(WHAT IS BEING ASKED) Without the pictures, can you quote each line below exactly?

(AVAILABLE DATA)
****
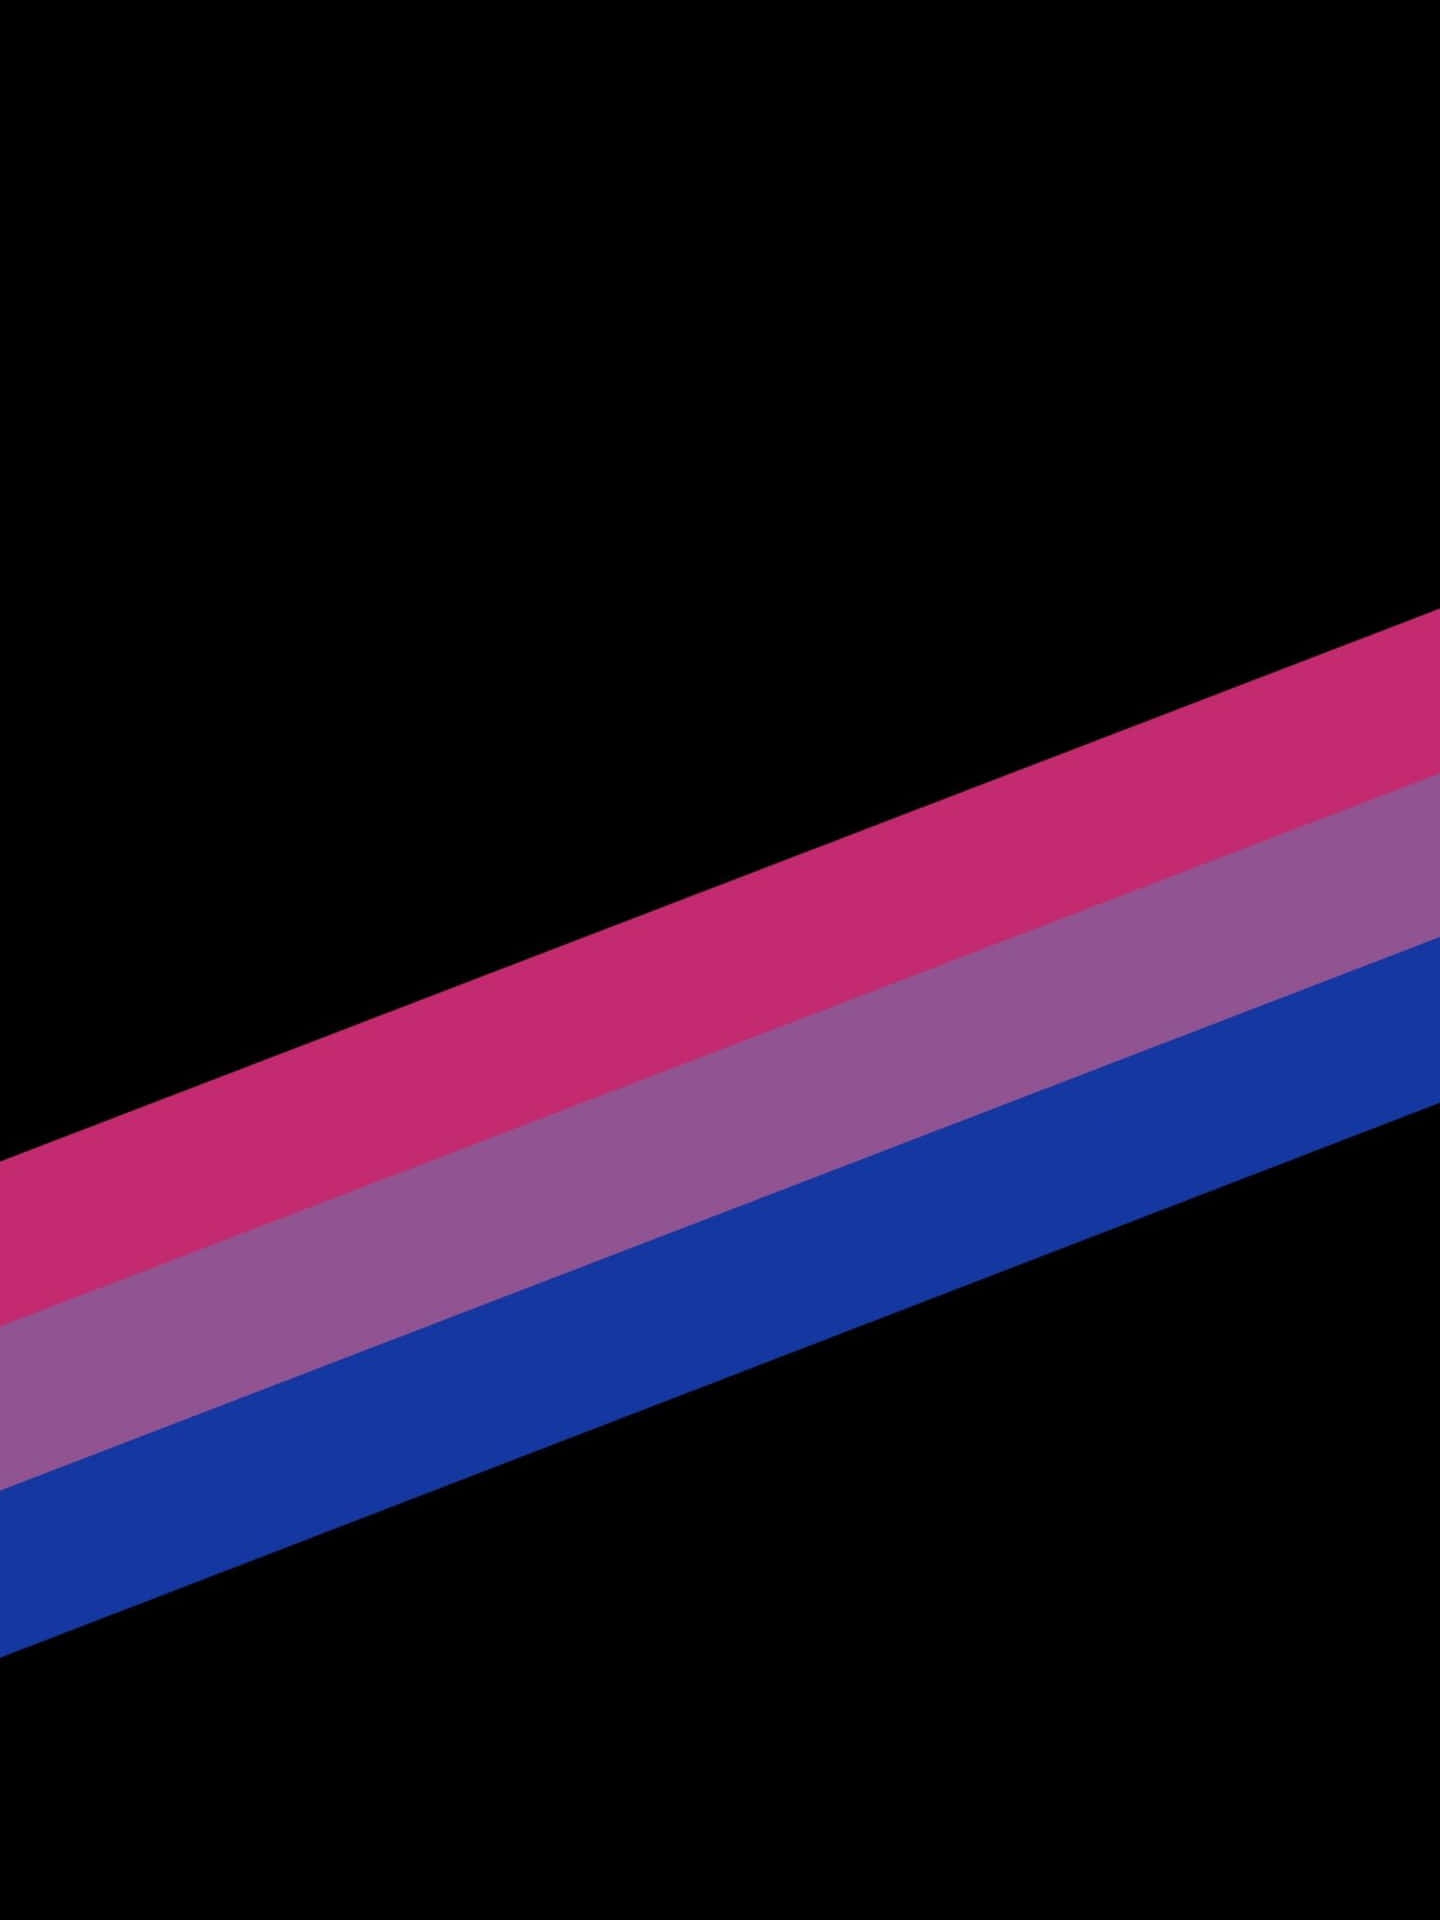 Ästhetischelgbt-regenbogen-bisexuellen-flagge Wallpaper
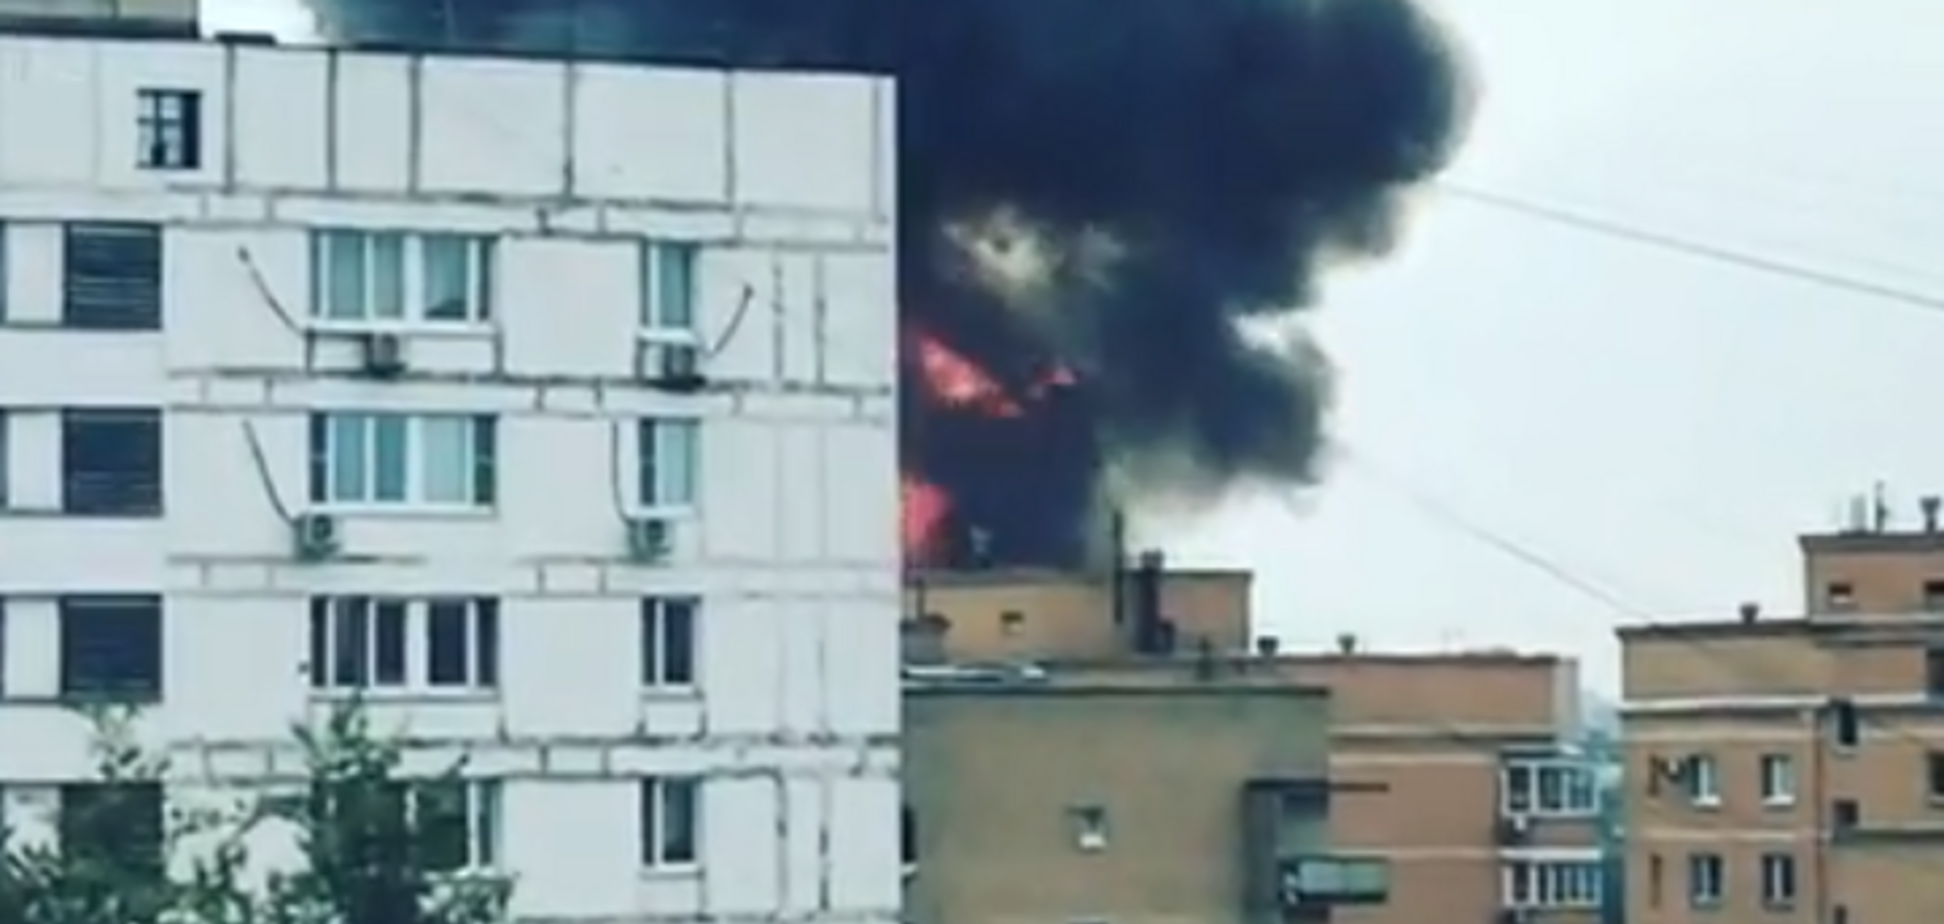 Авиация не справляется: в центре Москвы вспыхнул масштабный пожар. Фото и видео
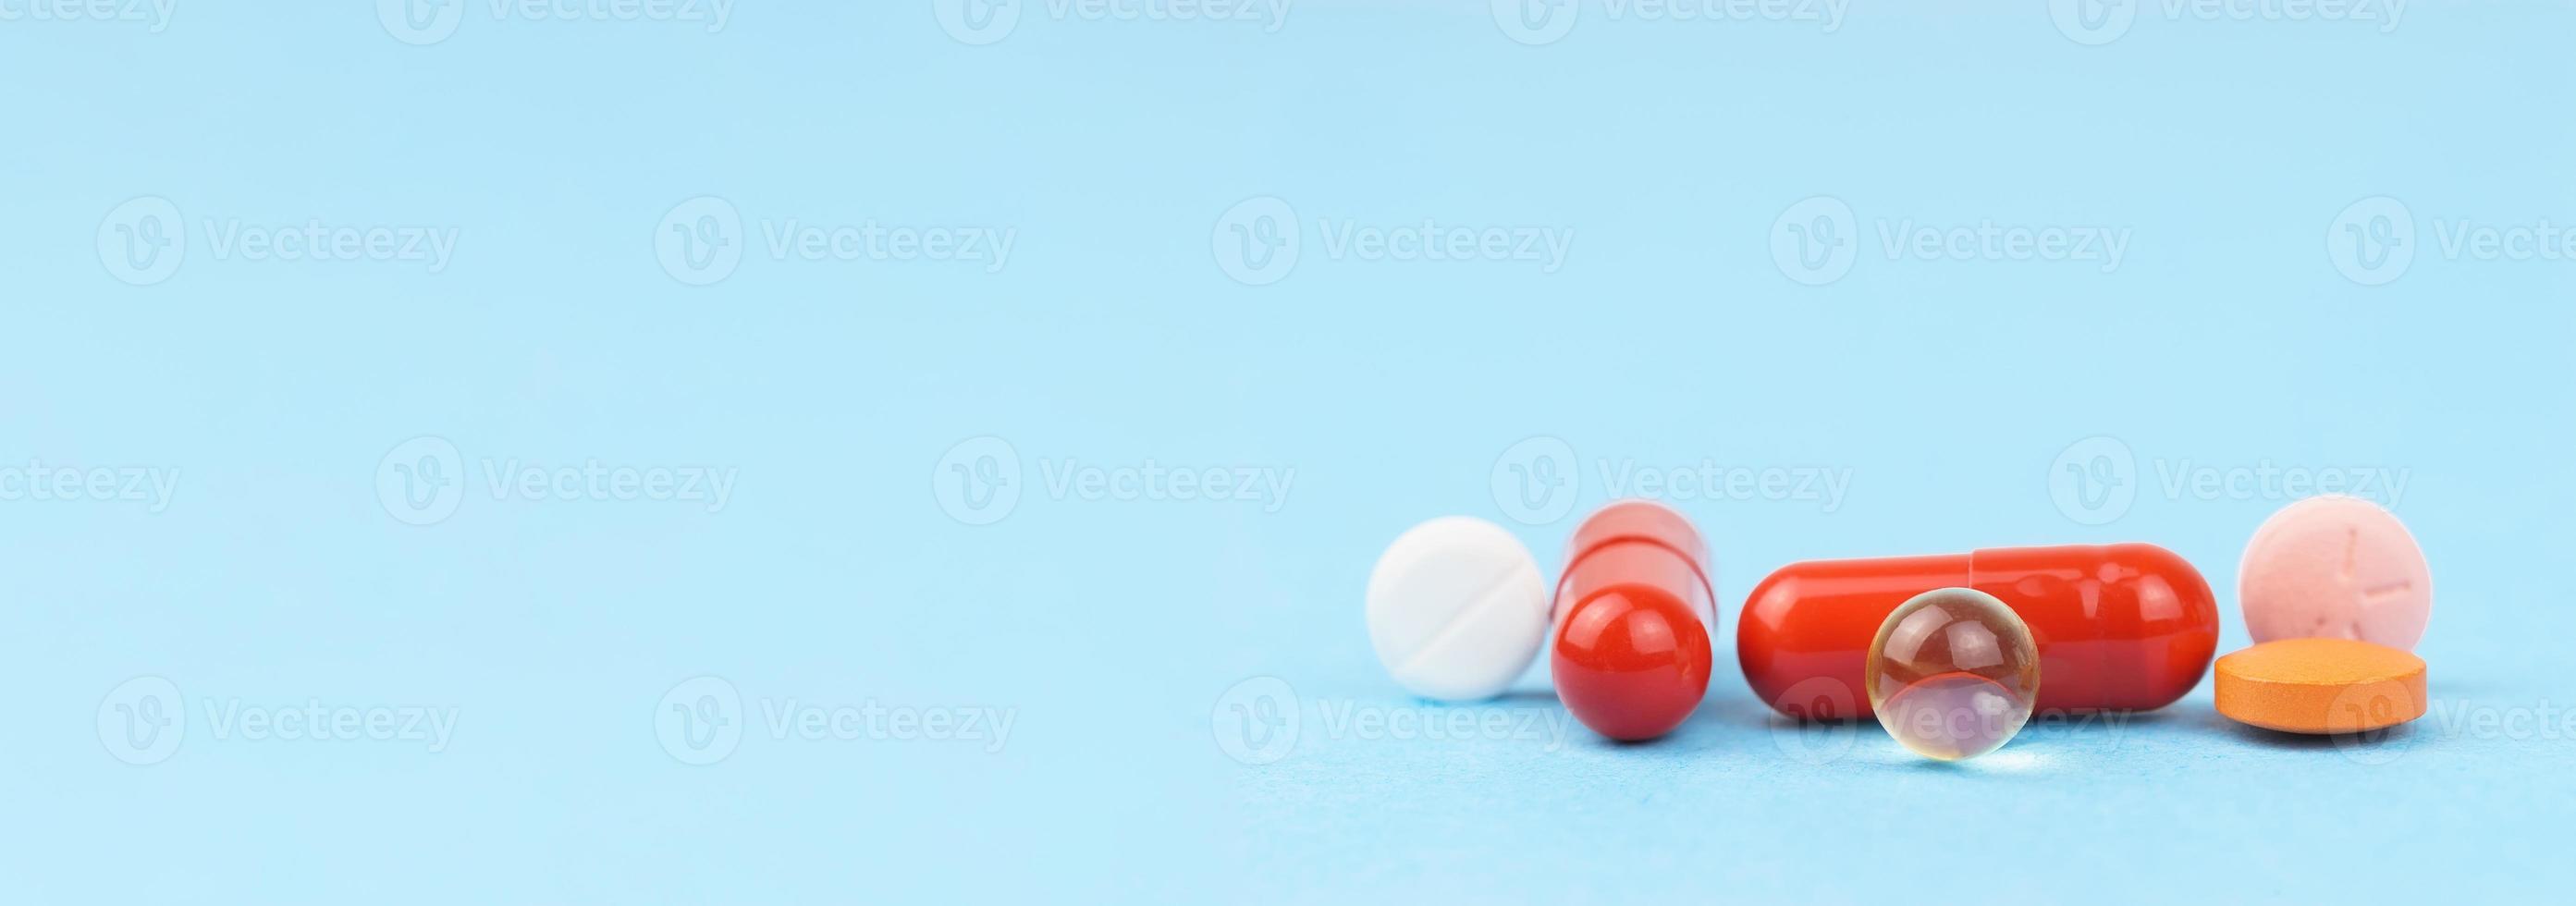 sortiert pharmazeutische Medizin Pillen, Tablets und Kapseln Über Blau Hintergrund foto
****
(ANSWER FOR THE TASK)
 Ästhetischelgbt-regenbogen-bisexuellen-flagge Wallpaper
 Авиация не справляется: в центре Москвы вспыхнул масштабный пожар. Фото и видео
 sortiert pharmazeutische Medizin Pillen, Tablets und Kapseln Über Blau Hintergrund foto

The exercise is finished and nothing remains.